MOSCOW SEEKS TO INSTITUTIONALIZE THE “CAUCASUS FOUR”.

Publication: Monitor Volume: 6 Issue: 123

Russia’s President Vladimir Putin initiated a meeting on January 20 between himself and Presidents Eduard Shevardnadze of Georgia, Haidar Aliev of Azerbaijan and Robert Kocharian of Armenia on the sidelines of the CIS summit. It was a rerun of the meeting held by the same presidents during the January summit of the CIS at Putin’s insistence. This time around, the Russian president obtained the consent of his three counterparts to hold such meetings twice every year, as a forum which Moscow dubs “the Caucasus Four.”

Russia expects to call the tune as first fiddle in this quartet. It hopes to counterpose the “Caucasus Four” to wider forums, in which Western countries and Turkey would play their role in shaping the future of the South Caucasus. Shevardnadze and Aliev advocate–as does Turkey–a South Caucasus Stability Pact with the participation of: Georgia, Azerbaijan and Armenia as regional countries; Russia, Turkey, and possibly Iran as countries contiguous to the region; and the United States and the European Union as full-fledged participants by virtue of their interests in the South Caucasus-Caspian region. Dubbed “3+3+2” when launched earlier this year, the formula is being resisted by Moscow and Tehran only. Armenia initially welcomed that format as a means to avoid one-sided dependence on Russia, but has recently retreated into ambiguity (see the Fortnight in Review, 21; the Monitor, January 18, 27, March 15, April 3-4, 14, June 1).

Putin’s chosen motto for the “Caucasus Four” says that “the Caucasus countries must alone shape the region’s fate.” That slogan expresses the attempt to minimize the West’s role and to place the South Caucasus countries face-to-face with an overbearing Russia. In order to preempt or upstage the 3+3+2 initiatives, Moscow proposes to institutionalize the Caucasus Four. It even seems to consider endowing the latter at least symbolically with some decisionmaking functions, albeit on nonessential issues and under Russian control.

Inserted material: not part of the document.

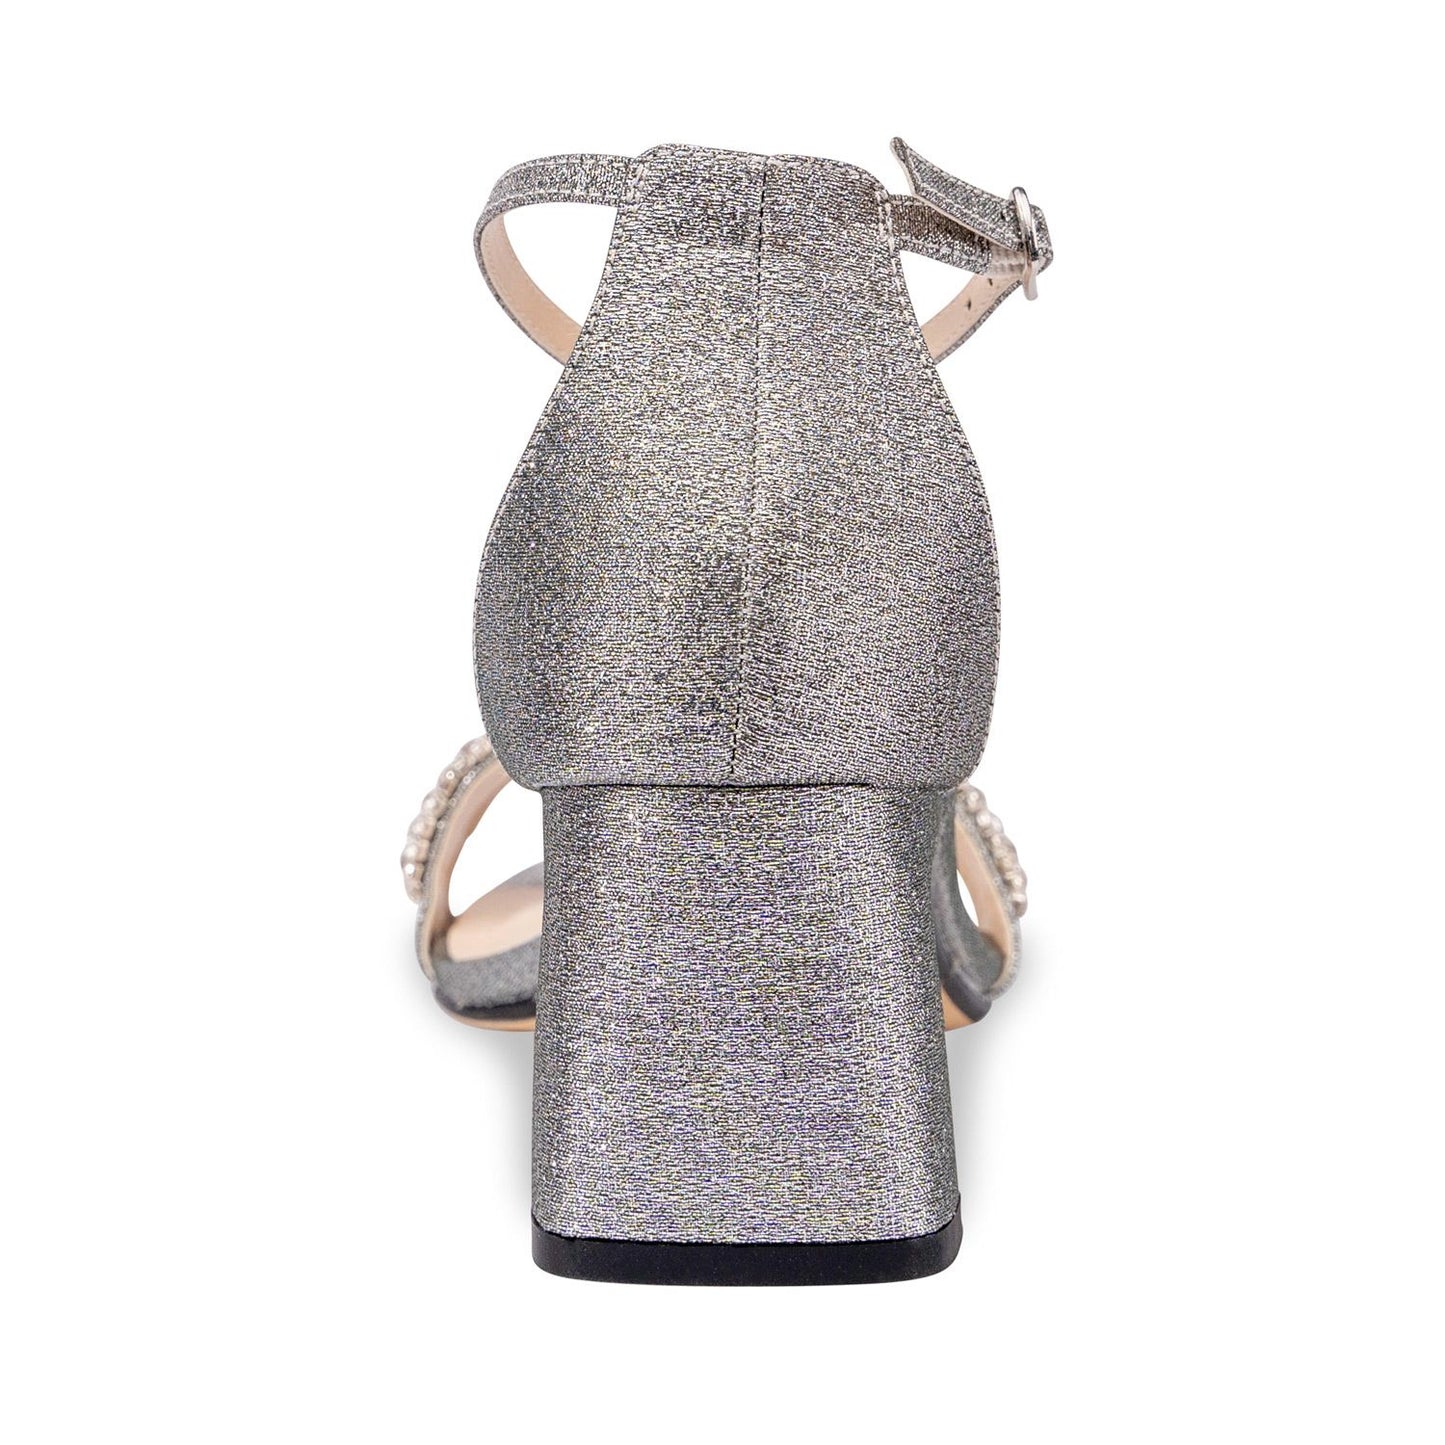 Pewter 2.25 inch heal with rhinestone detail and ankle strap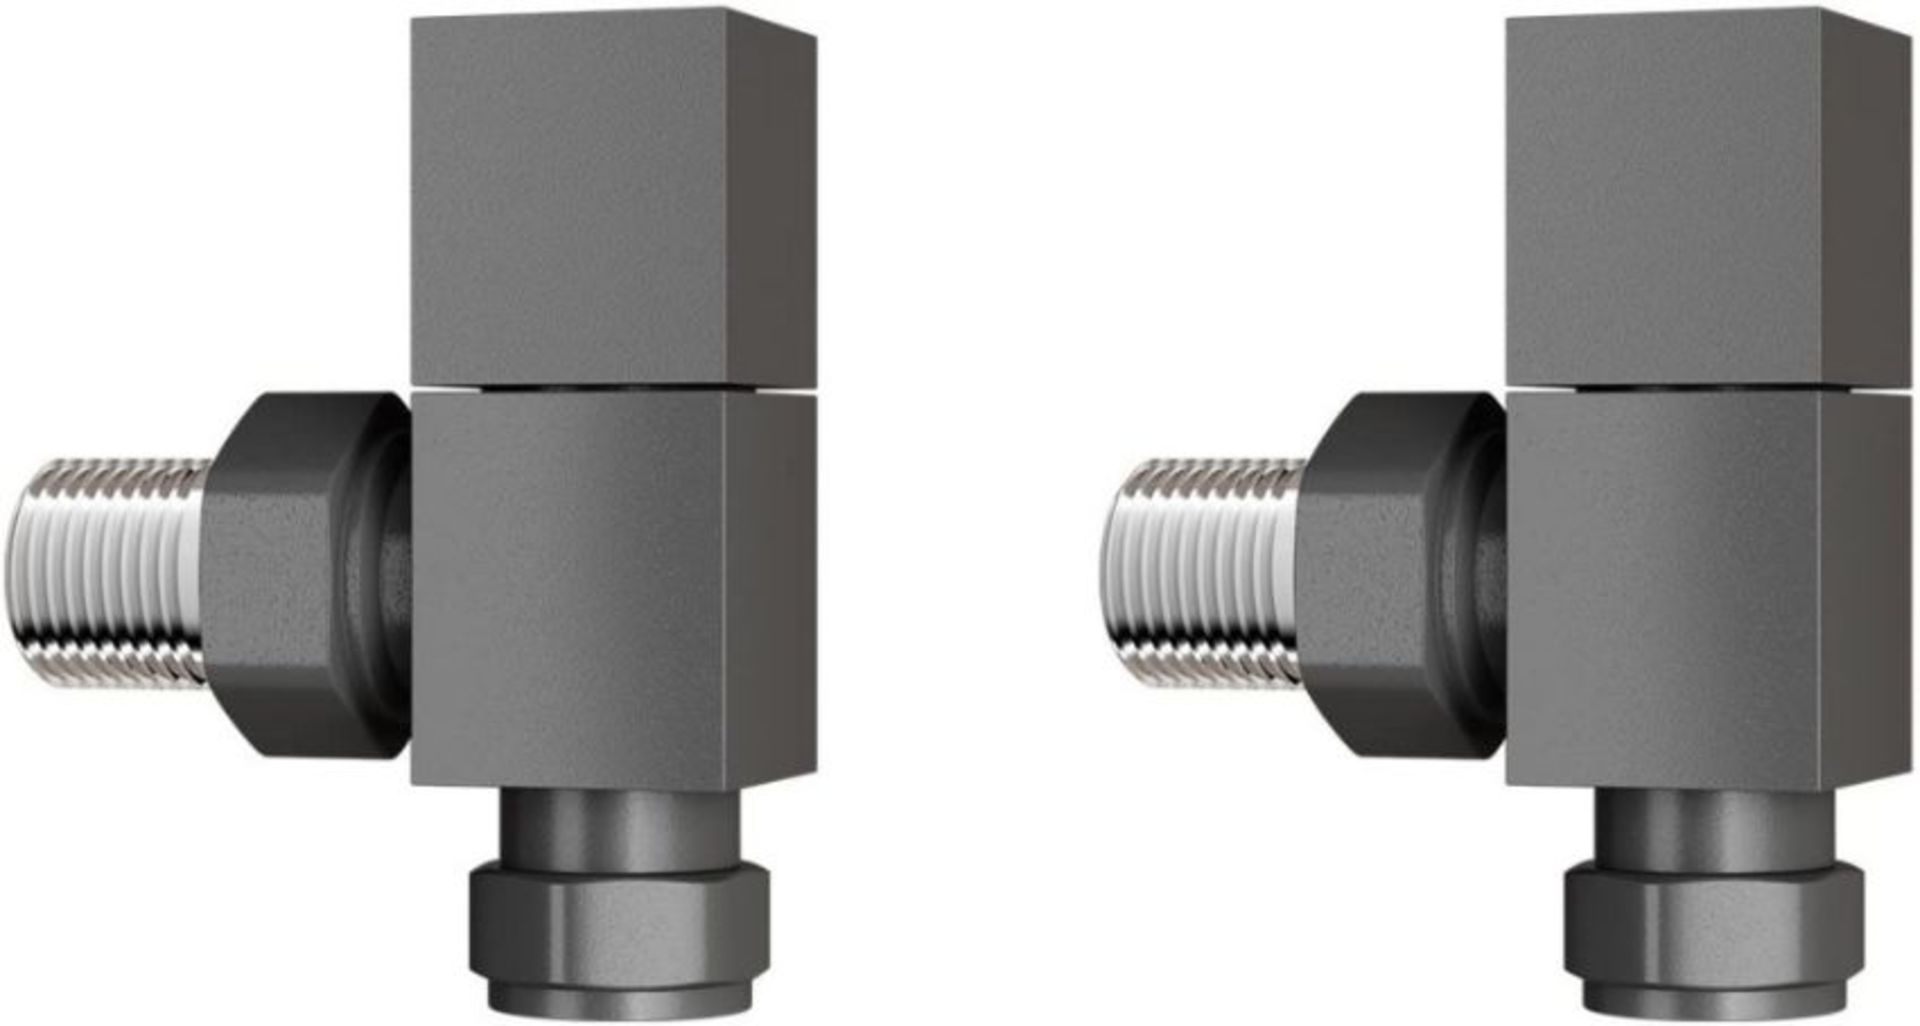 New 15 mm Standard Connection Square Angled Anthracite Radiator Valves. Ra03A. Complies With Bs27...

The holding of biannual meetings would constitute a first step toward institutionalization. But Aliev, Shevardnadze and even Kocharian took significant precautions in accepting Putin’s proposal. They reserved full latitude to resolve any problems on a bilateral basis; they agreed that the chairmanship of meetings–and thus the primary role in shaping the agenda–would rotate among the four countries; and they tied any such meetings firmly to CIS summits, in effect reducing the Caucasus Four to a sideshow and making it difficult for Moscow to call special or “crisis” meetings of the four presidents.

Post-meeting remarks by Russia’s Foreign Affairs Minister Igor Ivanov indicated that Putin had failed to push through a proposal which would have created a high-level Russian governmental commission–or commissions–to mediate a settlement of the Karabakh, Abkhazia and South Ossetia conflicts. Moscow will almost certainly persist with this initiative in the framework of the Caucasus Four as well as bilaterally with Georgia, Azerbaijan and Armenia. The proposed commission or commissions would undercut the mediatory efforts of international organizations and of Western countries. Moscow would regain the ability to manipulate negotiating processes, freeze existing deadlocks or, alternatively, shape outcomes in accordance with its own interests. That in turn is a recipe for maximizing Russian leverage over the South Caucasus countries and their overall policies. The preceding week in Chisinau, Putin had talked Moldova’s President Petru Lucinschi into accepting a Russian special commission of that kind under Yevgeny Primakov to mediate the conflict between the Moldovan government and Russia’s client authorities in Transdniester (Itar-Tass, RIA, June 20-22; see the Monitor, June 20; Fortnight in Review, June 23).